Dickens hates bureaucracy almost as much as Kafka does–I think I’ve read Kafka slightly more recently–and introduces the Circumlocution Office, employer of many shallow-end-of-the-gene-pool nobles and their hangers-on, with its expertise in how not to do it. Occasionally challenged by Parliament, its employees justify their existence by pointing to the staggering number of forms that have been filled out by petitioners trying to do something. Many US citizens view our government just so.

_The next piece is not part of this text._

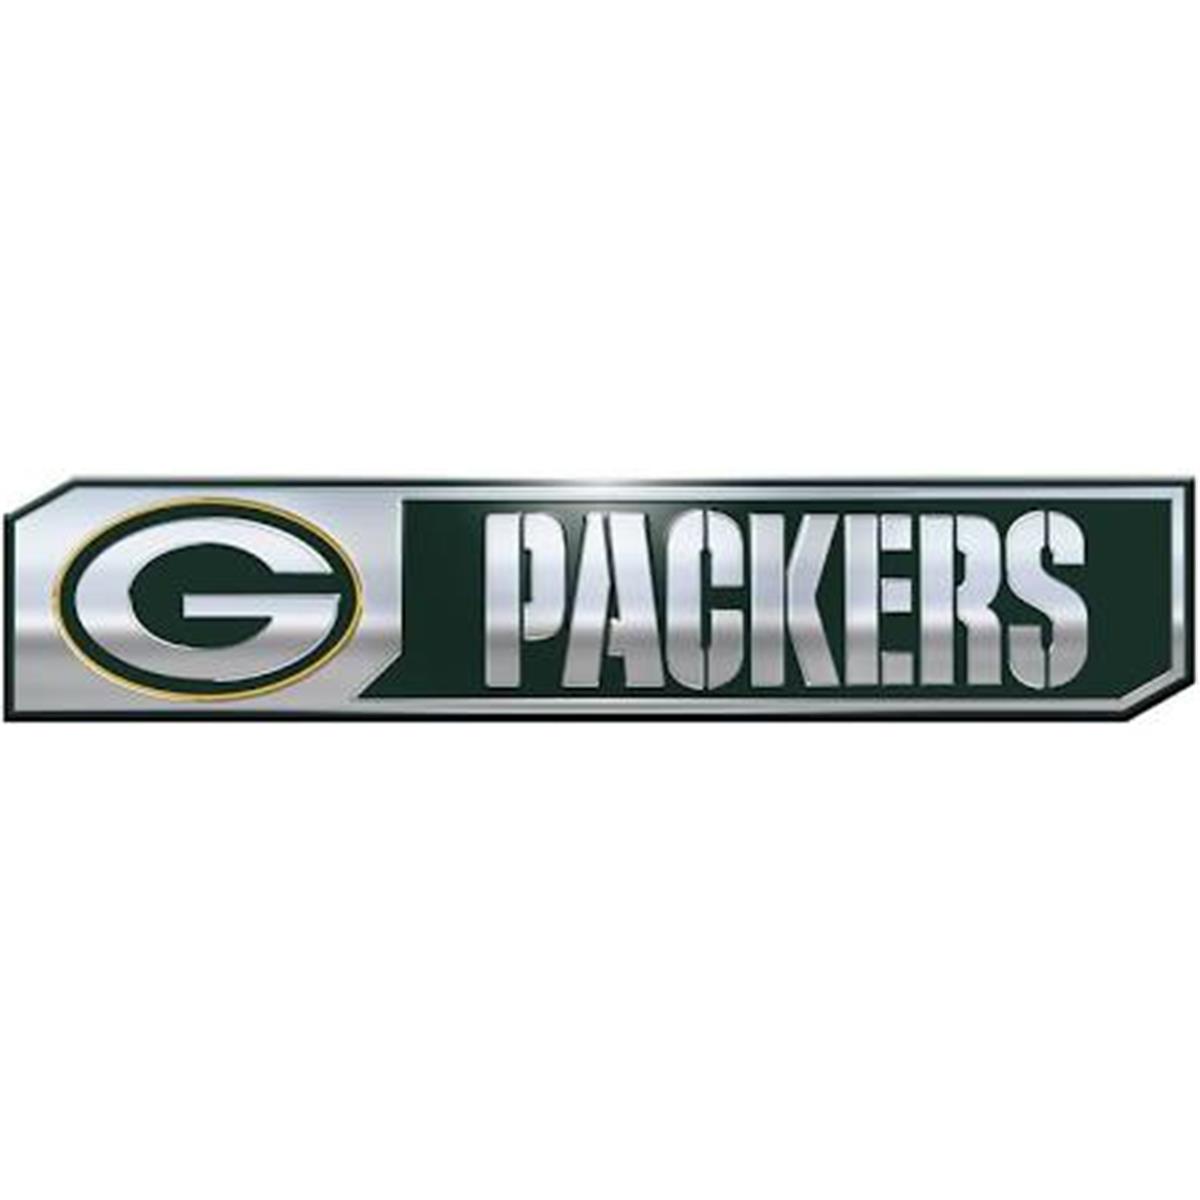 Team ProMark FANMATS NFL - Green Bay Packers 2 Piece Heavy Duty Alumnium Truck Emblem Set, 1.75" x 8"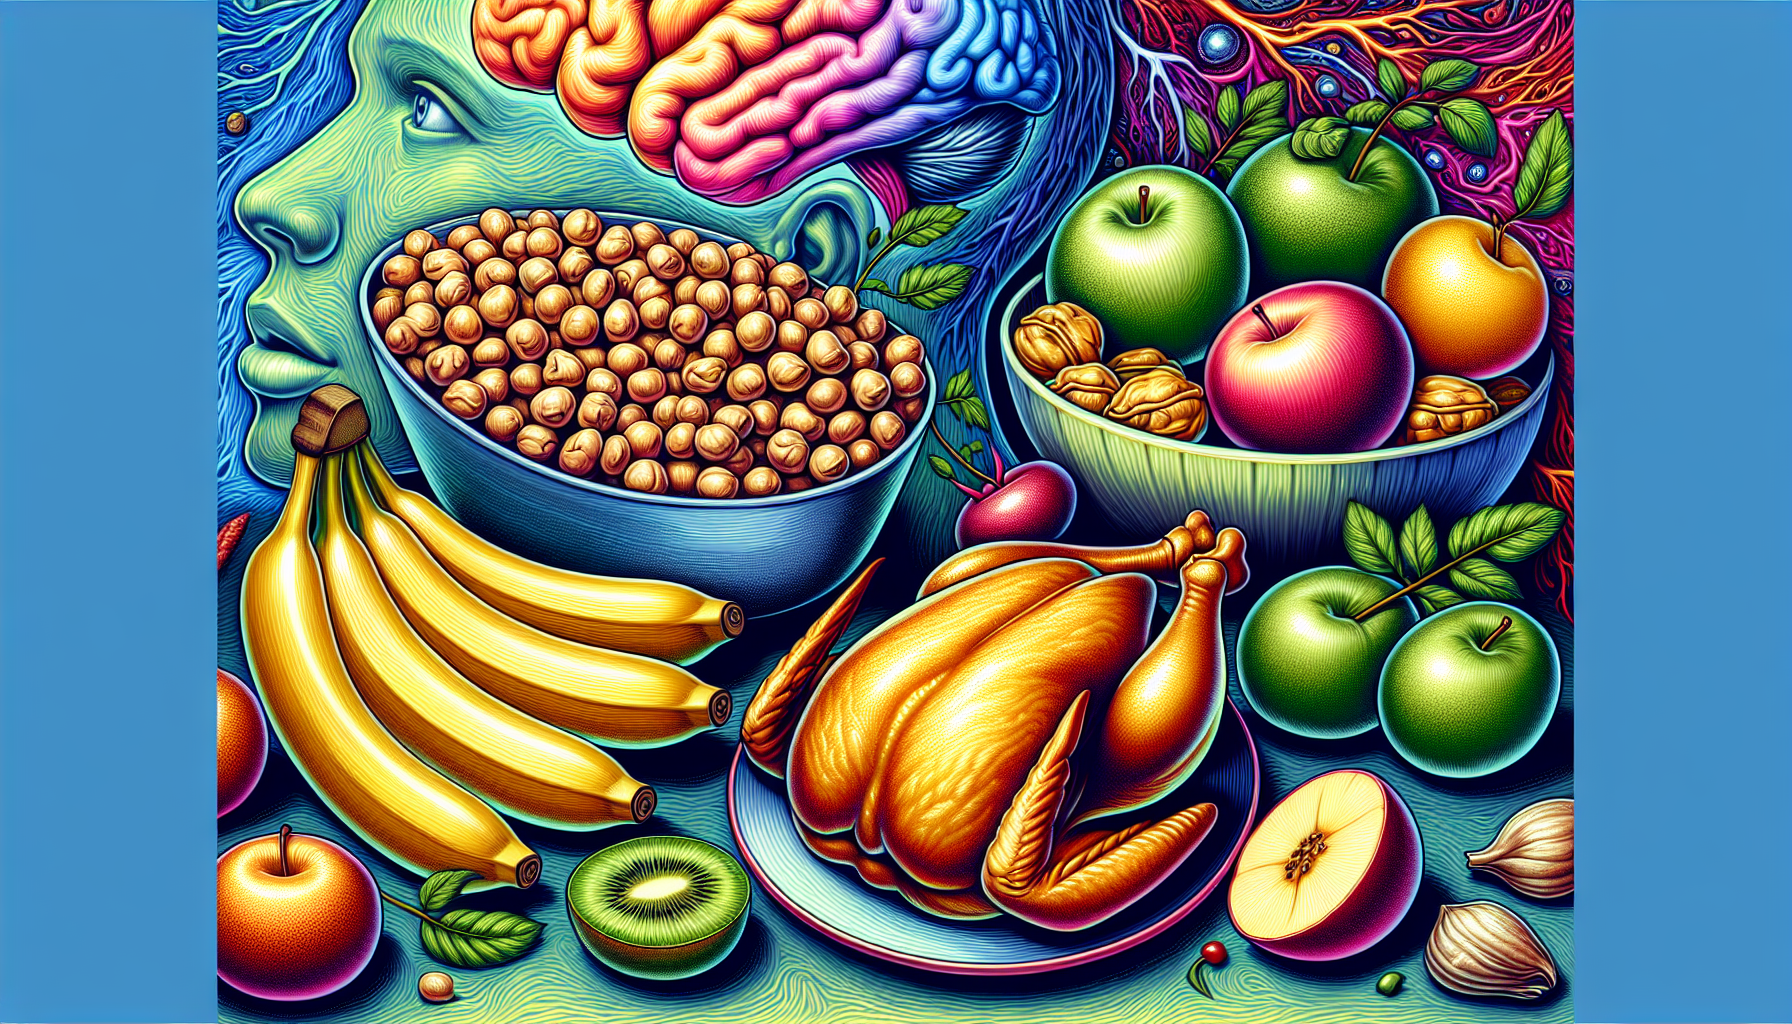 Illustration of a variety of vitamin B6 rich foods

Poor people who become sick or injured in Dickens’ Britain do not fare well, another harbinger of USA 2018. As of September 1, I will be covered by Obamacare, characterized by the current Administration as a popular welfare program, the use of which may soon be an excuse to expel millions of legal immigrants.  I’m not sure about those immigrants, but there is no welfare aspect to ACA for me; it costs more and covers less than the employer health insurance I am losing. For the moment, it covers preventative care sans copay, and cannot exclude for pre-existing conditions, though aforementioned Administration is working hard to eliminate those requirements, from both ACA and employer-sponsored health insurance.

Is my life Dickensian? Hardly. But there are strengthening whiffs of it.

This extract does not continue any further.